§ Given records

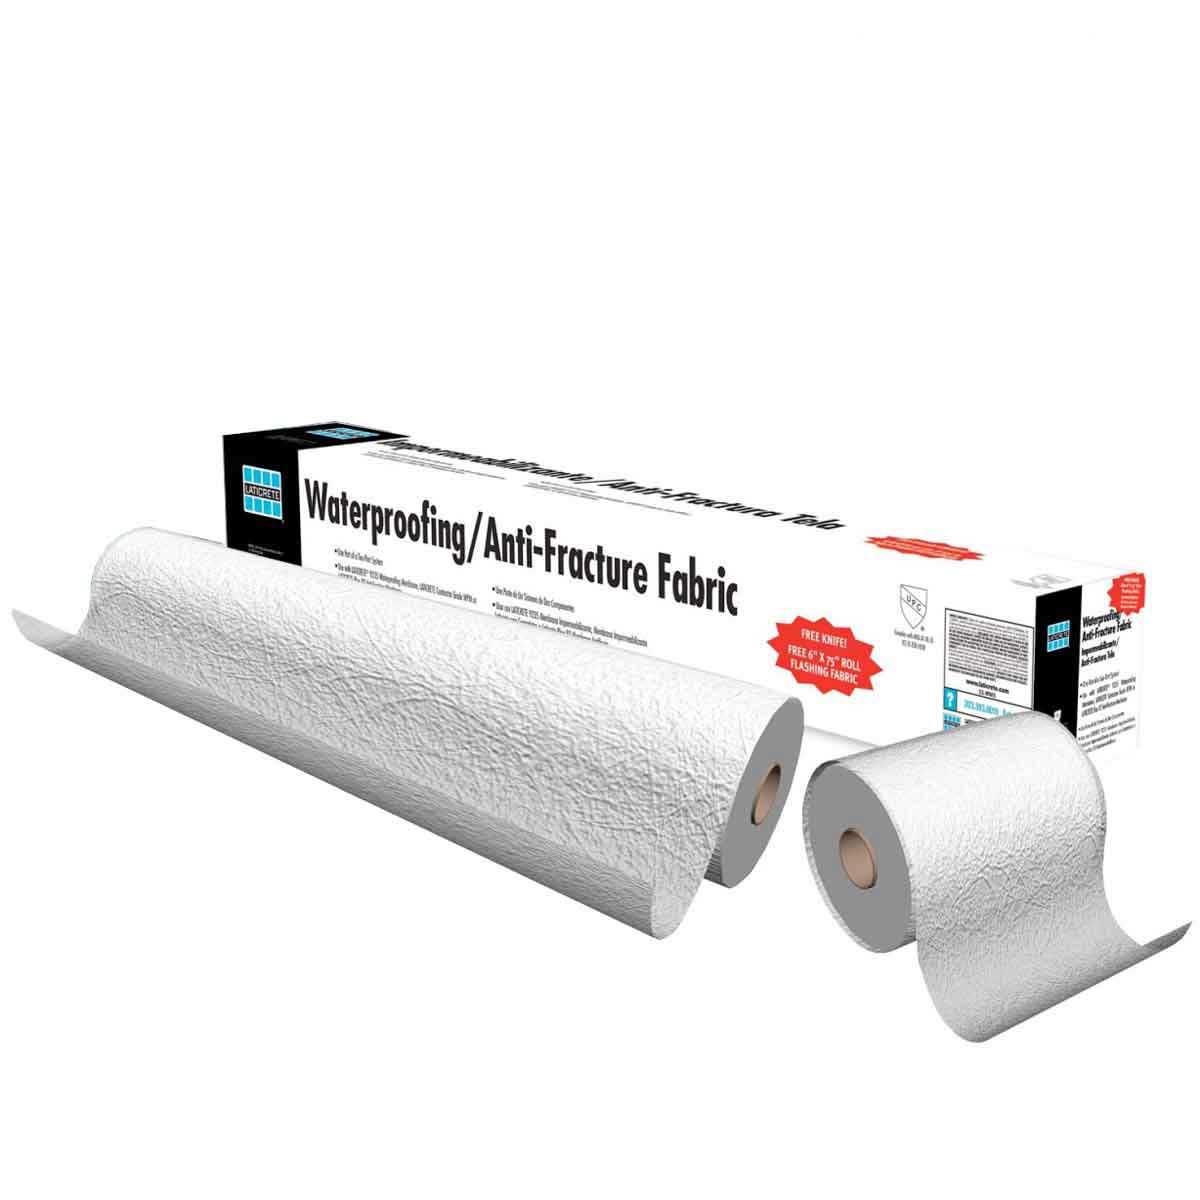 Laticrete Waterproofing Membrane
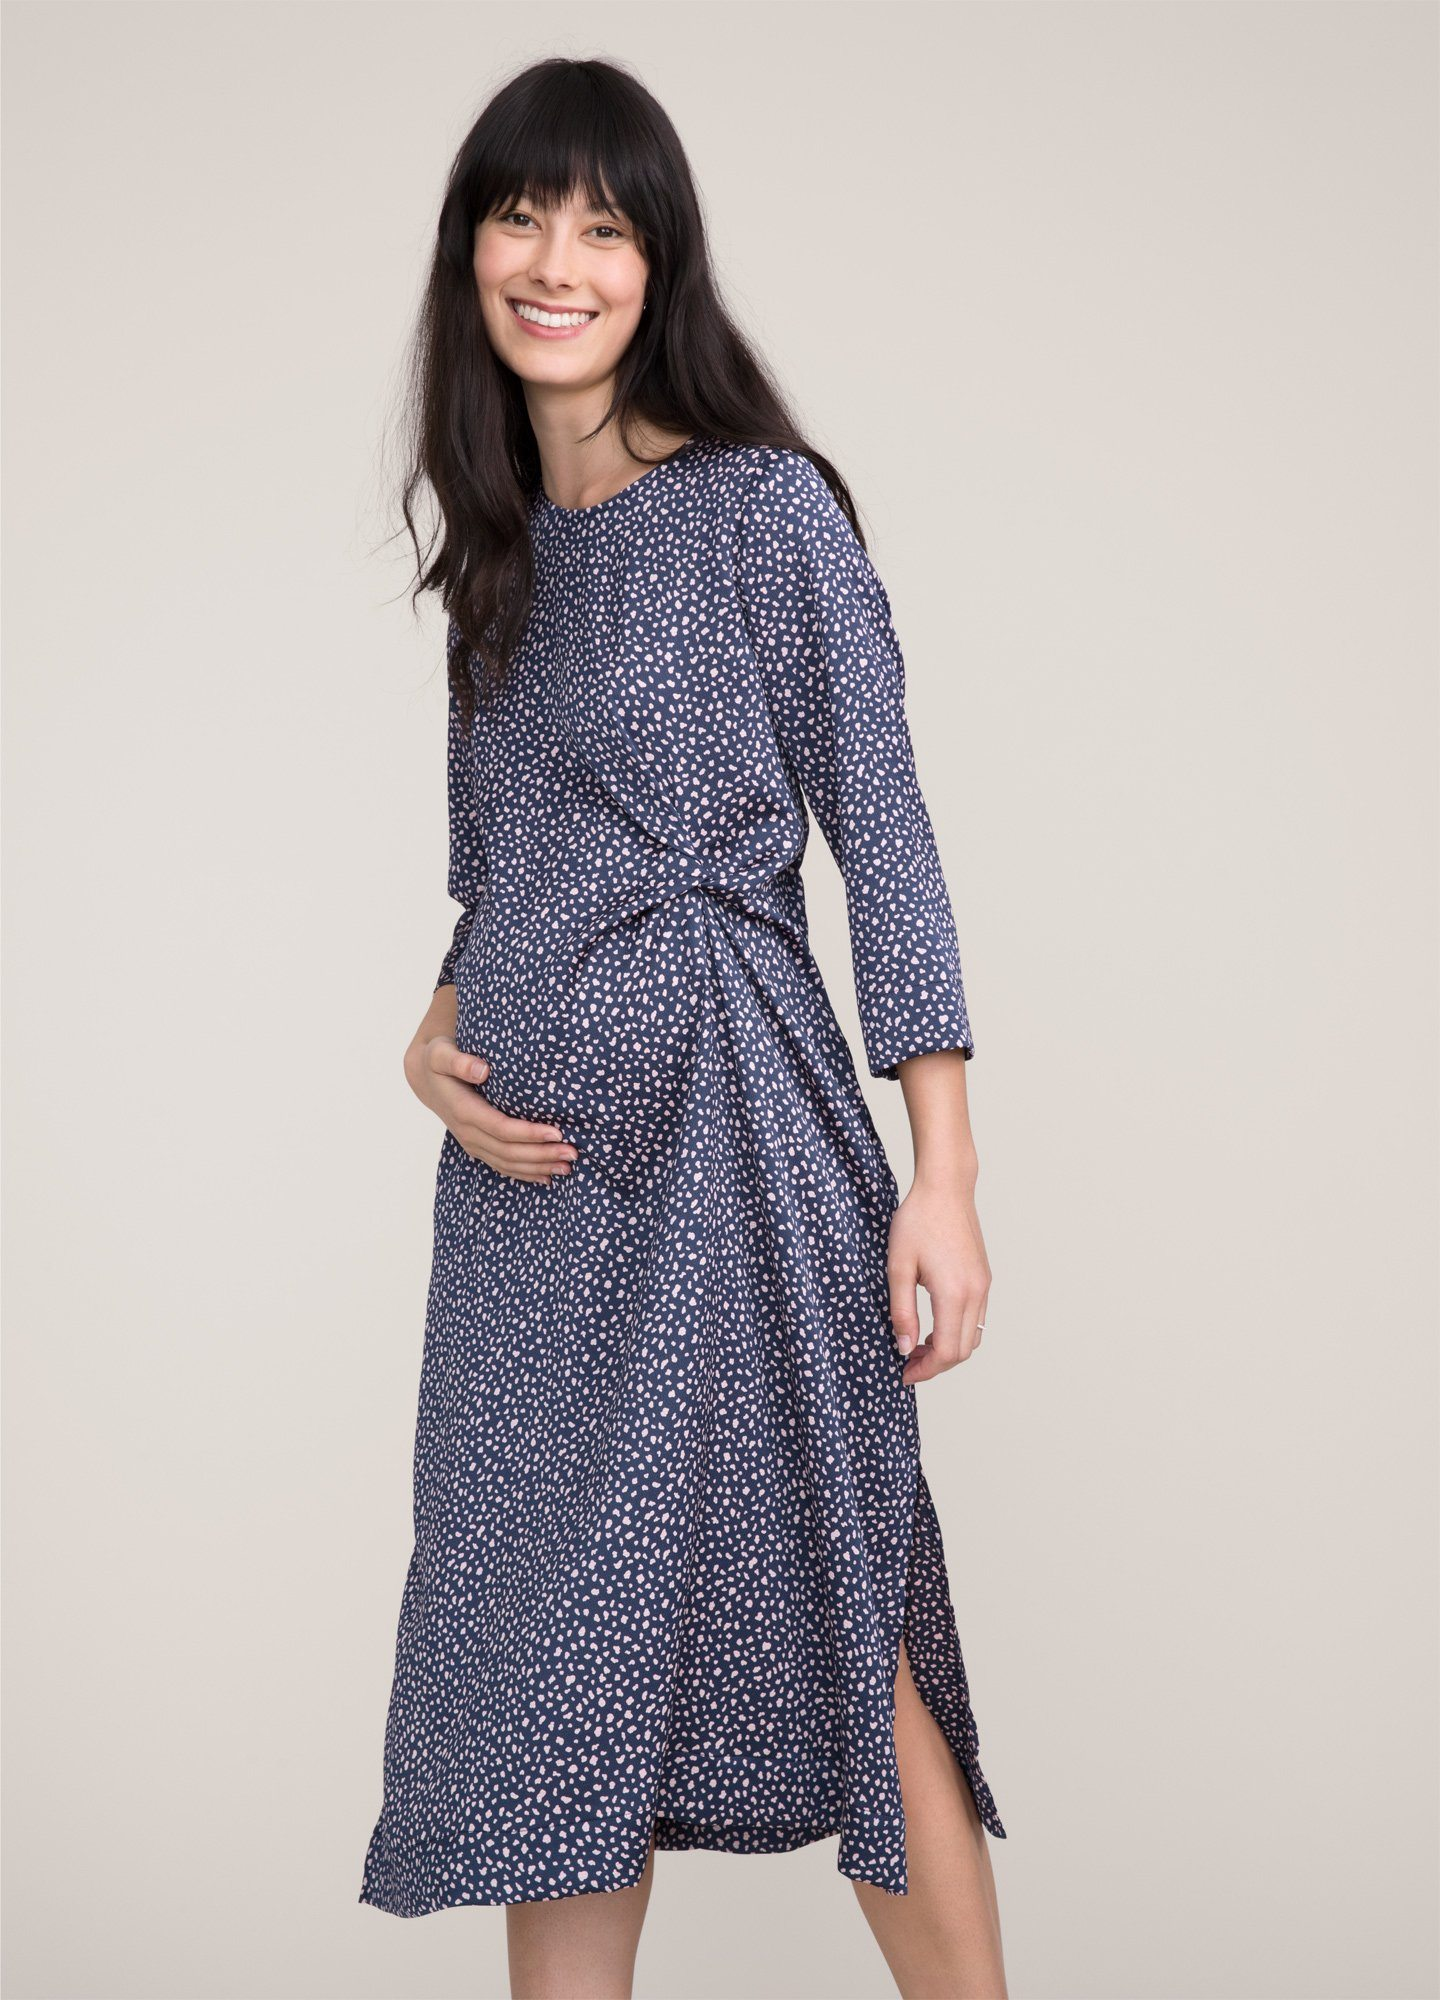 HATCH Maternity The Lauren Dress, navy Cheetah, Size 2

--

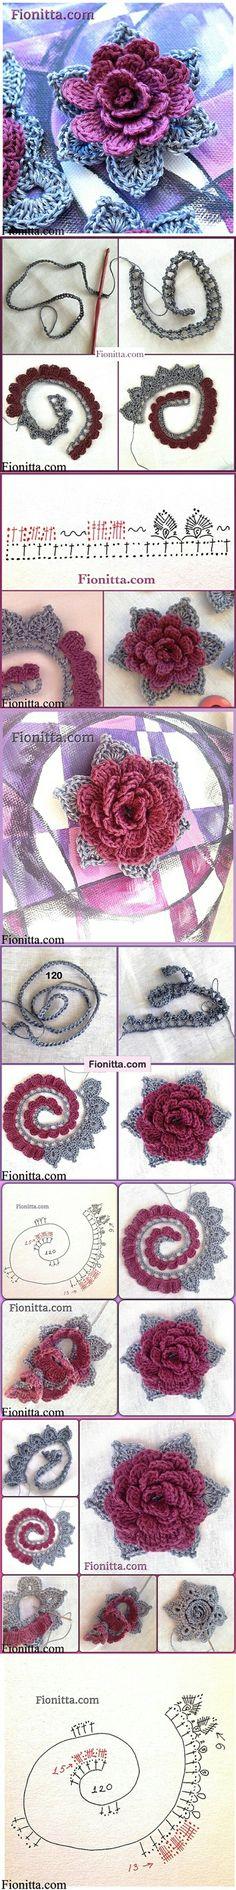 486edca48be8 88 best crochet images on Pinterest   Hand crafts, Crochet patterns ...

§ What to do
Given the records above, return the lines starting at the one that holds "Laticrete Waterproofing Membrane" and ending at the one that holds "HATCH Maternity The", exactly, and nothing besides; leave every picture out.

§ Exercise solution
 Laticrete Waterproofing Membrane
 HATCH Maternity The Lauren Dress, navy Cheetah, Size 2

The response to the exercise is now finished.